Around the bend: Texting pushes my buttons; just call
I hate to sound like an old square, but I have to say it: I just don’t get this whole texting thing. What’s wrong with a phone call?
I admit a text message is more appropriate than a phone call in certain situations, like when it’s too loud to talk, or when you’re being held hostage by crazed gunmen and need to keep it down. But most of the time, I just don’t see the point.
Then again, I’m barely up to speed on cell phones. Just calling them “cell phones,” in fact, shows how behind the times I am. Nowadays, they’re known simply as “phones.” The vintage contraption that is tethered to a wall jack is now called a “land line,” and hip people don’t have one.
I only use my cell phone when it’s absolutely necessary. I don’t get why people chat on theirs just to pass the time when they should be focusing on more important things, such as not T-boning my car while running a red light.
So I really can’t understand people who spend the day texting, thumbs cocked, juggling multiple “conversations,” only half-engaged in their real-life personal interactions.
I know: I sound like an old square.
I’ve heard people, most of them young, talking openly about racking up three, four or even five thousand texts in a month. Really. Other texters respond to such announcements with awe and a bit of envy. Non-texters like me register horror and bafflement. I can’t think of anything I do five thousand times a month, except maybe blink. How does a person find the time?
“It’s no big deal,” the expert texters say. “You just —” and here they pause briefly to check their phone, do their thumb thing and then look up at you blankly, momentarily forgetting who you are.
“Oh, right,” they say, suddenly remembering. “That 5,000 includes both incoming and outgoing texts and most of them are really short.”
Well, they’d have to be. If you’re going to squeeze five thousand texts into an average month — that’s about 167 a day — you’d have to keep them as brief as possible to avoid dying of sleep deprivation or getting beaten up by friends who are sick of looking at the top of your head while you’re out to dinner with them.

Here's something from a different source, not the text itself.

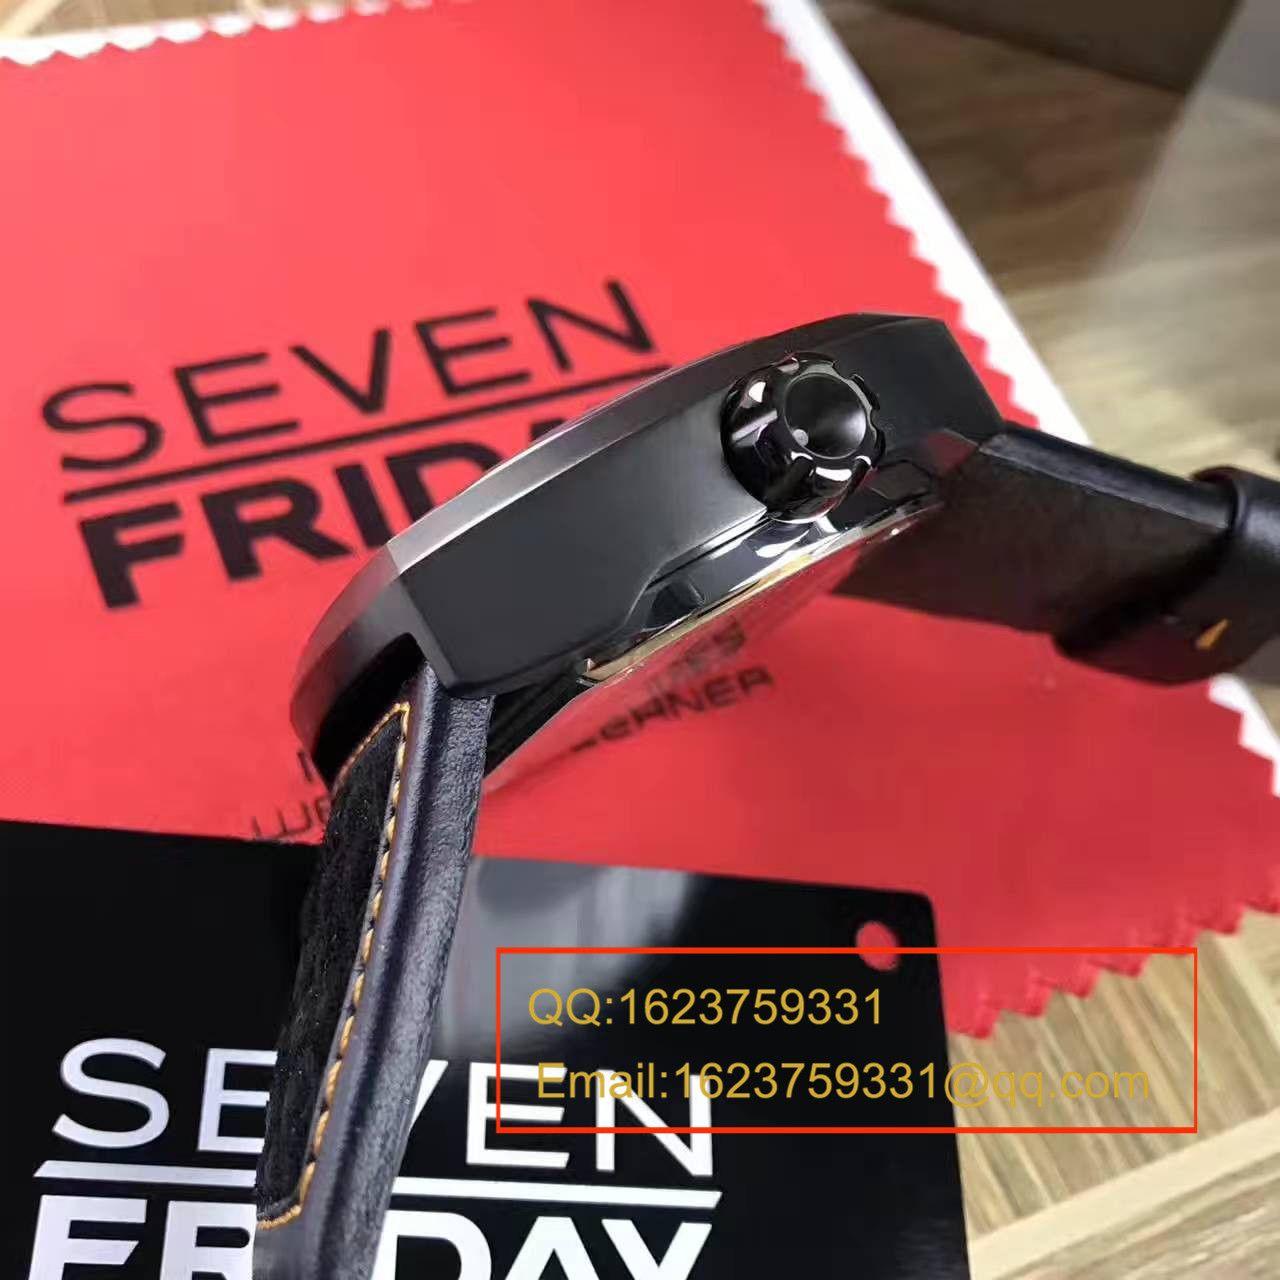 七个星期五 专柜正品原单 Seven Friday 自动机械男表绝对保真,不解释,看细节 / SFBG09

For efficiency, texters skip punctuation and capitalization and abbreviate everything. “Seriously” is “srsly.” “I don’t know” is “idk.” Even abbreviations get abbreviated, so “OK” is, in text speak, “k.” No joke. In another generation teenagers will be abbreviating “k” to individual pixels.

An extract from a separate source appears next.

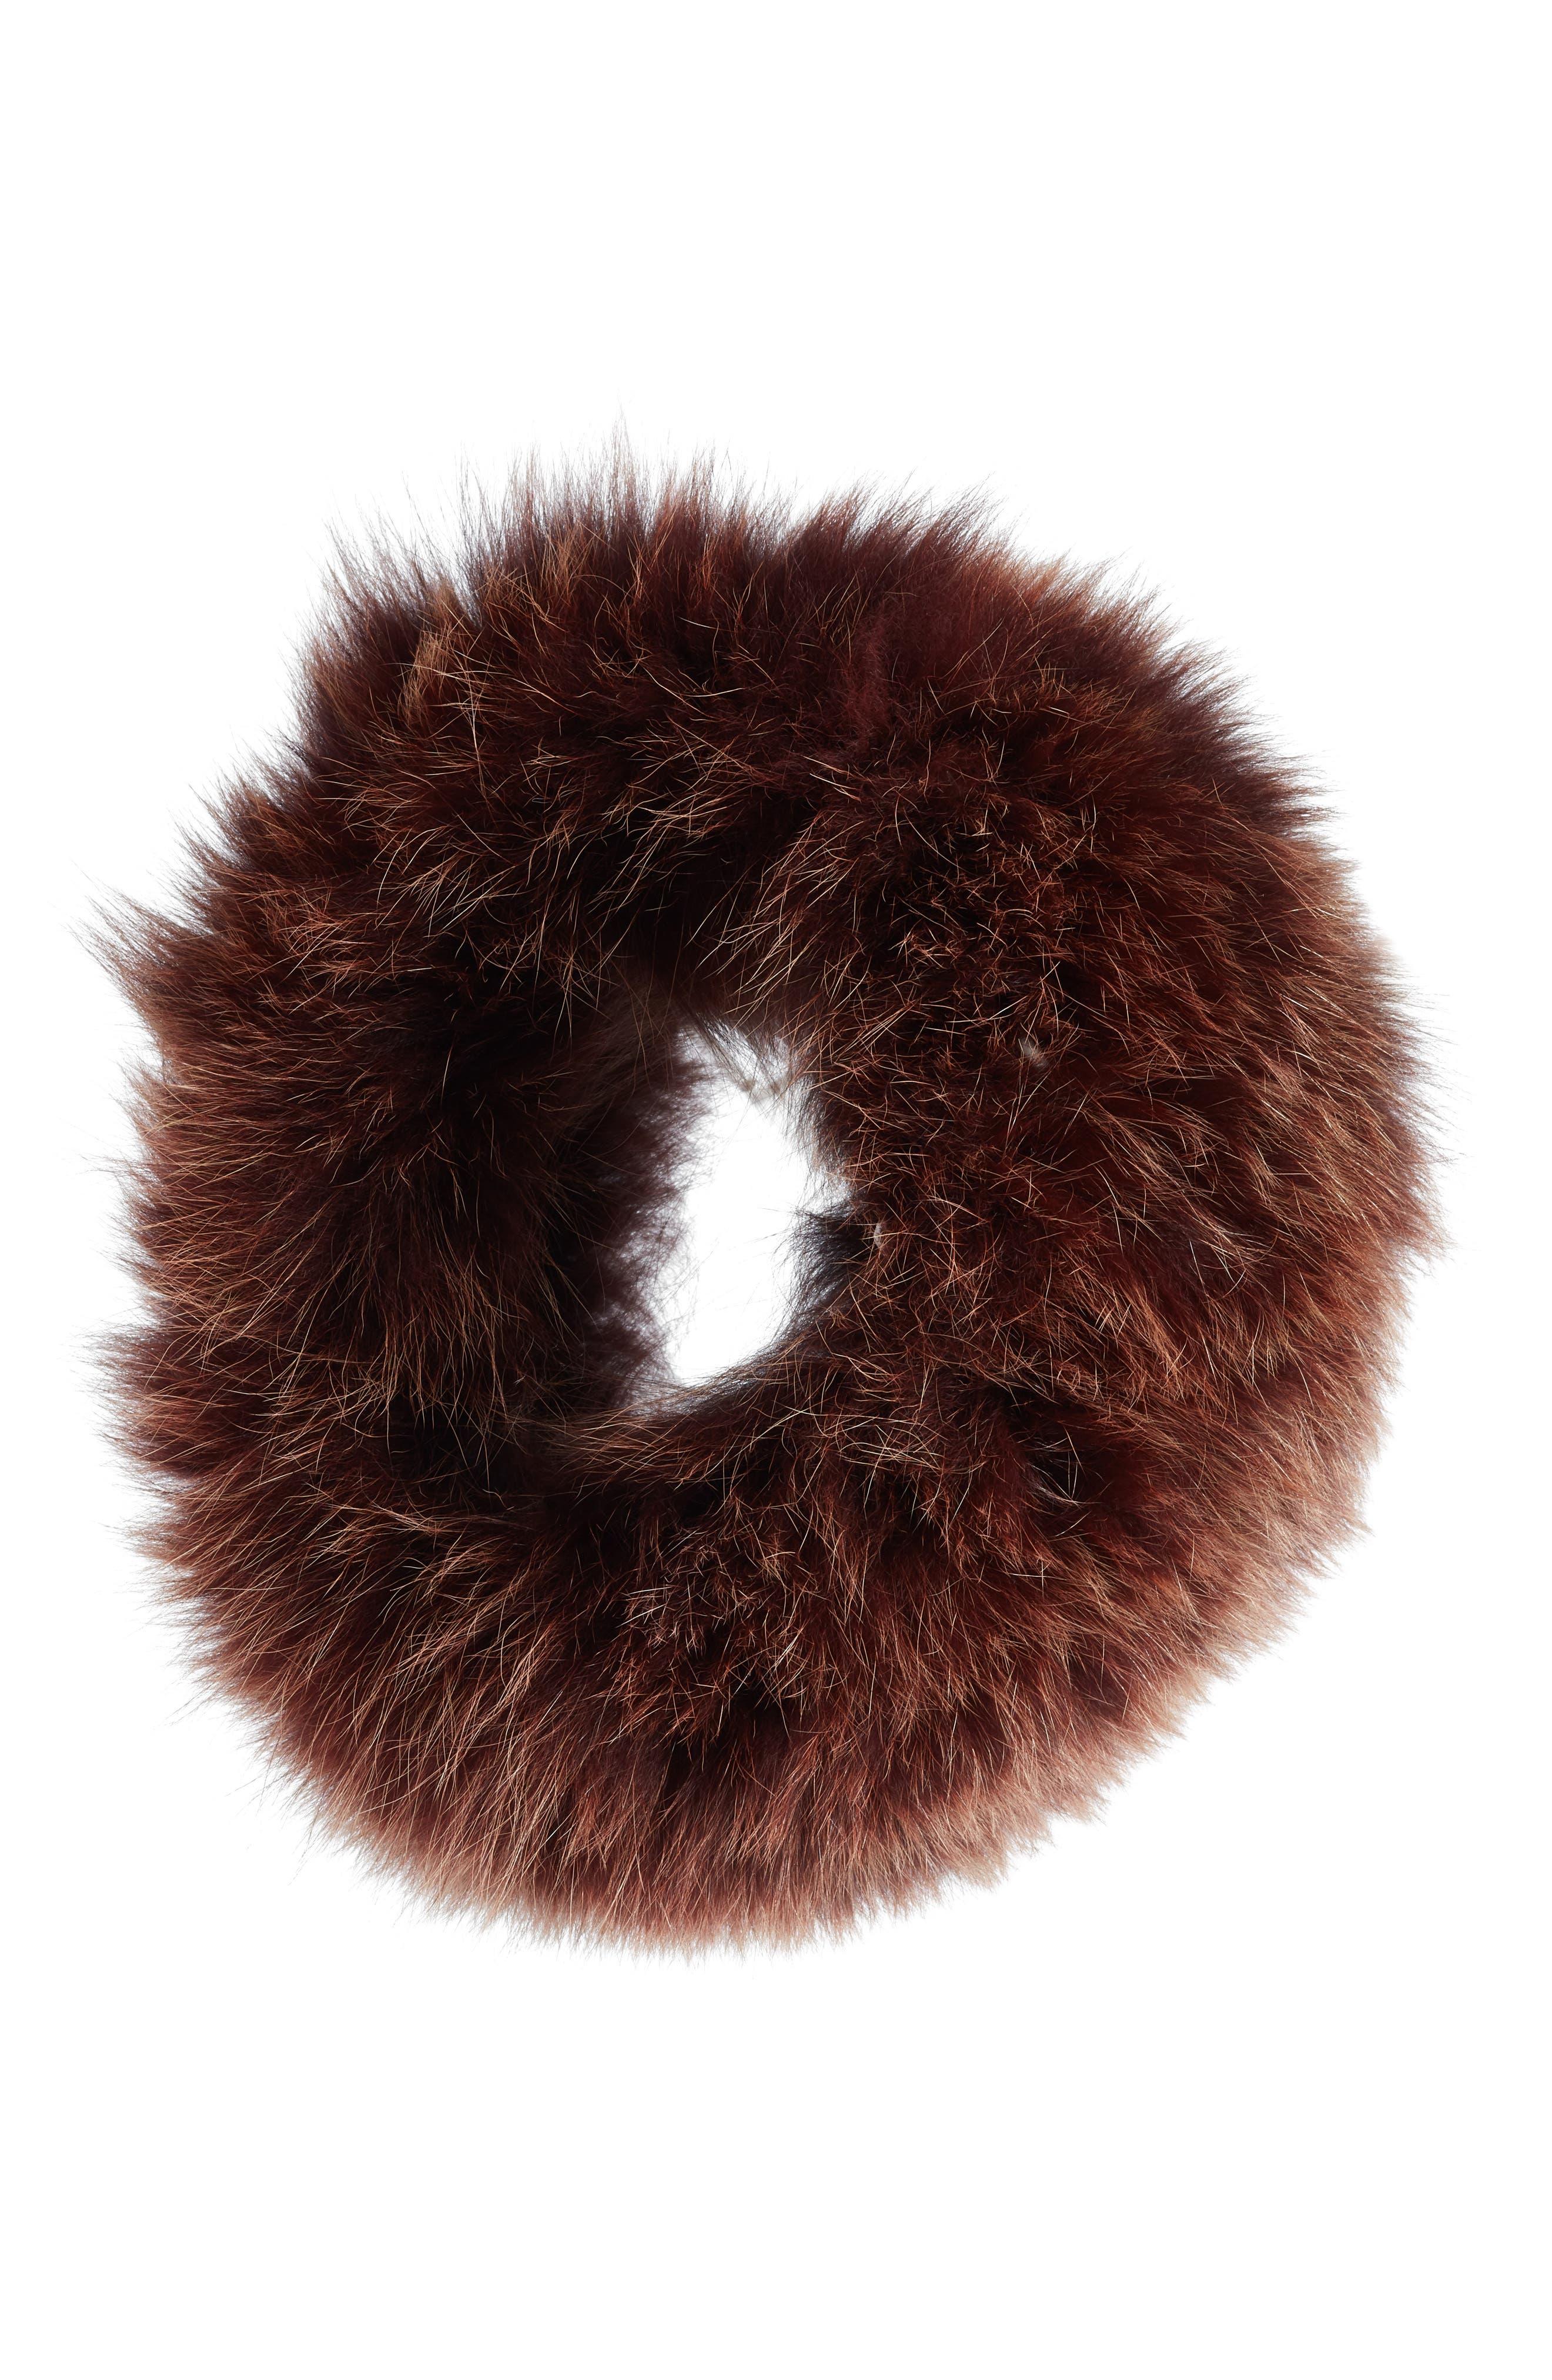 LA FIORENTINA Genuine Fox Fur Headband in Brown

Kids use their cell phones for everything these days, from taking pictures to surfing the Web. They don’t, however, use them to make phone calls, a task they consider hopelessly outdated, like mailing handwritten letters or reading books.
Thus, many parents have had to take up texting just to make sure their children are still alive. Show me someone over 40 packing a cell phone with a full keyboard and I’ll show you a parent with high school- or college-age children.
I rarely send texts, and when I do, they’re totally uncool. Last week, I managed to spell out an empathetic response to my stepson: “I wholeheartedly agree with your point of view, having experienced the same situation myself on numerous occasions.” It took me over an hour, but that’s partly because my battery died mid-sentence.
He later explained I could have conveyed the same sentiment with just two letters, “sh,” for “same here.”
Oh.
I balk at the thought of reducing a complete and nuanced concept to less than a word. Is culture dead? But texting a full sentence on a regular keypad takes me so long I generally find it faster to drive to the intended recipient’s house and tell them in person.
Sadly, I feel I need to embrace texting if I’m going to be able to communicate at all with the younger generation.
The other day a co-worker of mine mentioned attending a varsity basketball game and seeing an entire crowd of teenagers in the bleachers, heads down, thumbs a-blur, completely oblivious to the action on the court.
“That’s just not right,” she said. I nodded and said, “srsly.”
I suppose there is such a thing as trying too hard.